Directions for this task - Produce a word-for-word copy of the data that follows, excluding images.

Given material -

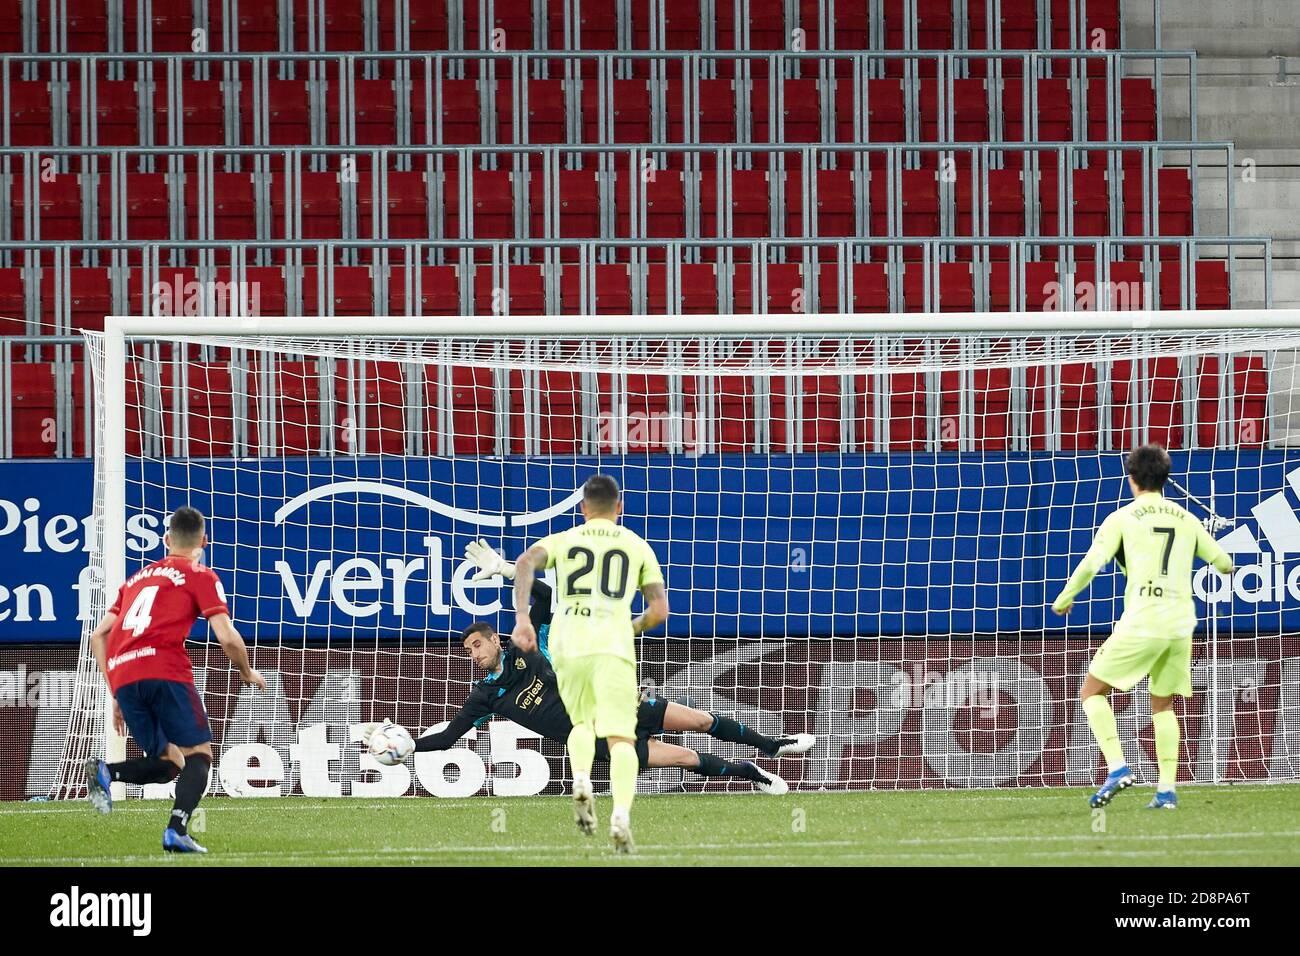 Sergio Herrera (Torwart; CA Osasuna) im Einsatz während der spanischen La Liga Santander, Spiel zwischen CA Osasuna und Atletico de Madrid im Sadar-Stadion. (Endnote: CA Osasuna 1-3 Atletico de Madrid) Stockfoto
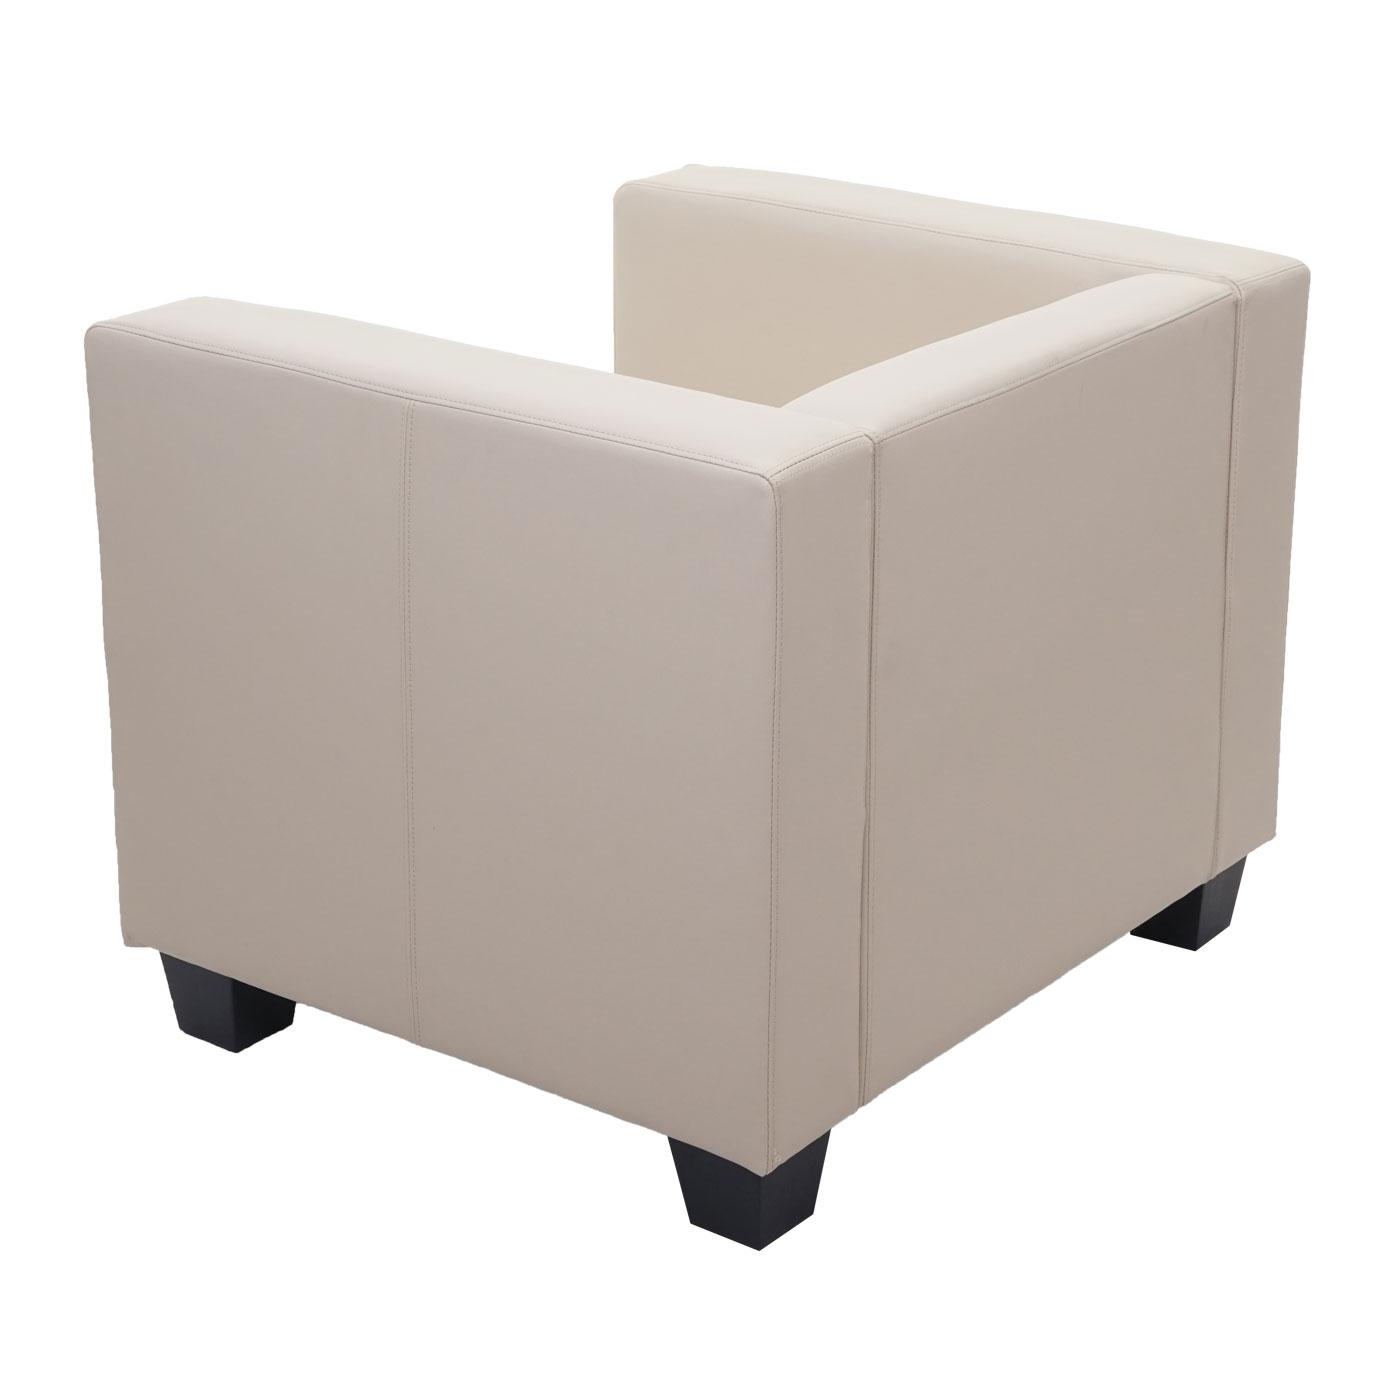 Sessel Loungesessel Lille Rückansicht
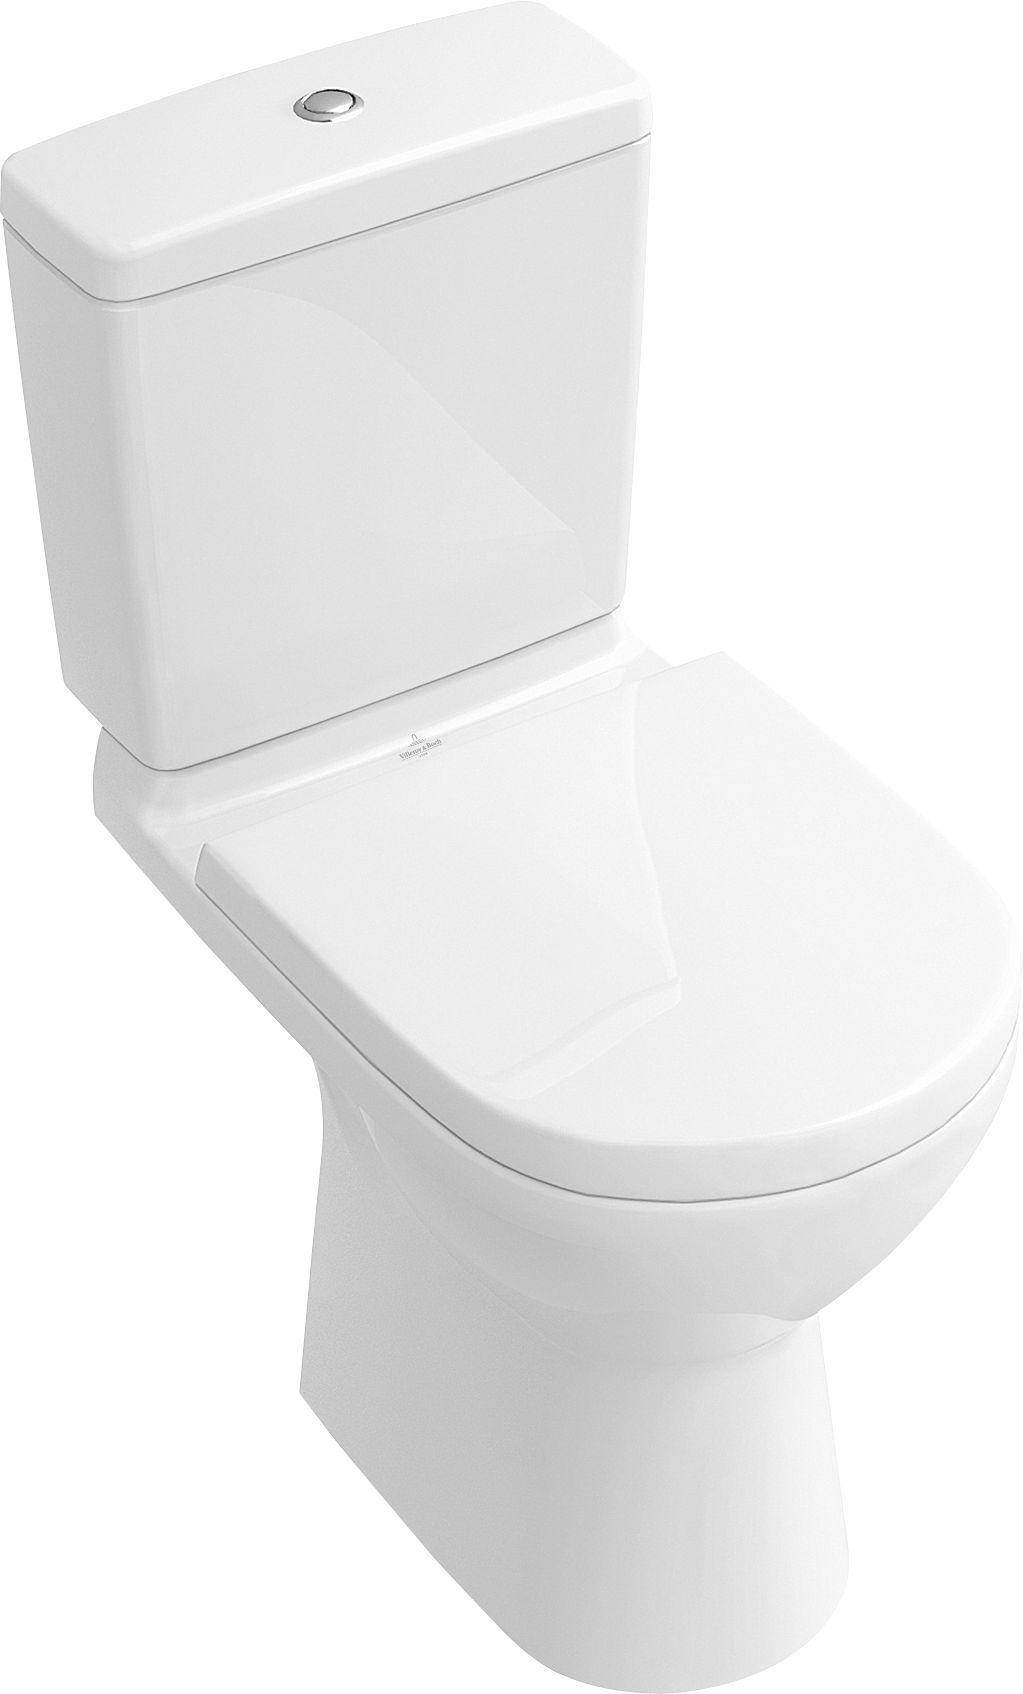 Villeroy & Boch O.novo Stand-Tiefspül-WC DirectFlush mit offenem Spülrand für Aufsatzspülkasten L:67xB:36xH:40cm weiß 5661R001

Solved problem -
 Sergio Herrera (Torwart; CA Osasuna) im Einsatz während der spanischen La Liga Santander, Spiel zwischen CA Osasuna und Atletico de Madrid im Sadar-Stadion. (Endnote: CA Osasuna 1-3 Atletico de Madrid) Stockfoto
 Sessel Loungesessel Lille Rückansicht
 Villeroy & Boch O.novo Stand-Tiefspül-WC DirectFlush mit offenem Spülrand für Aufsatzspülkasten L:67xB:36xH:40cm weiß 5661R001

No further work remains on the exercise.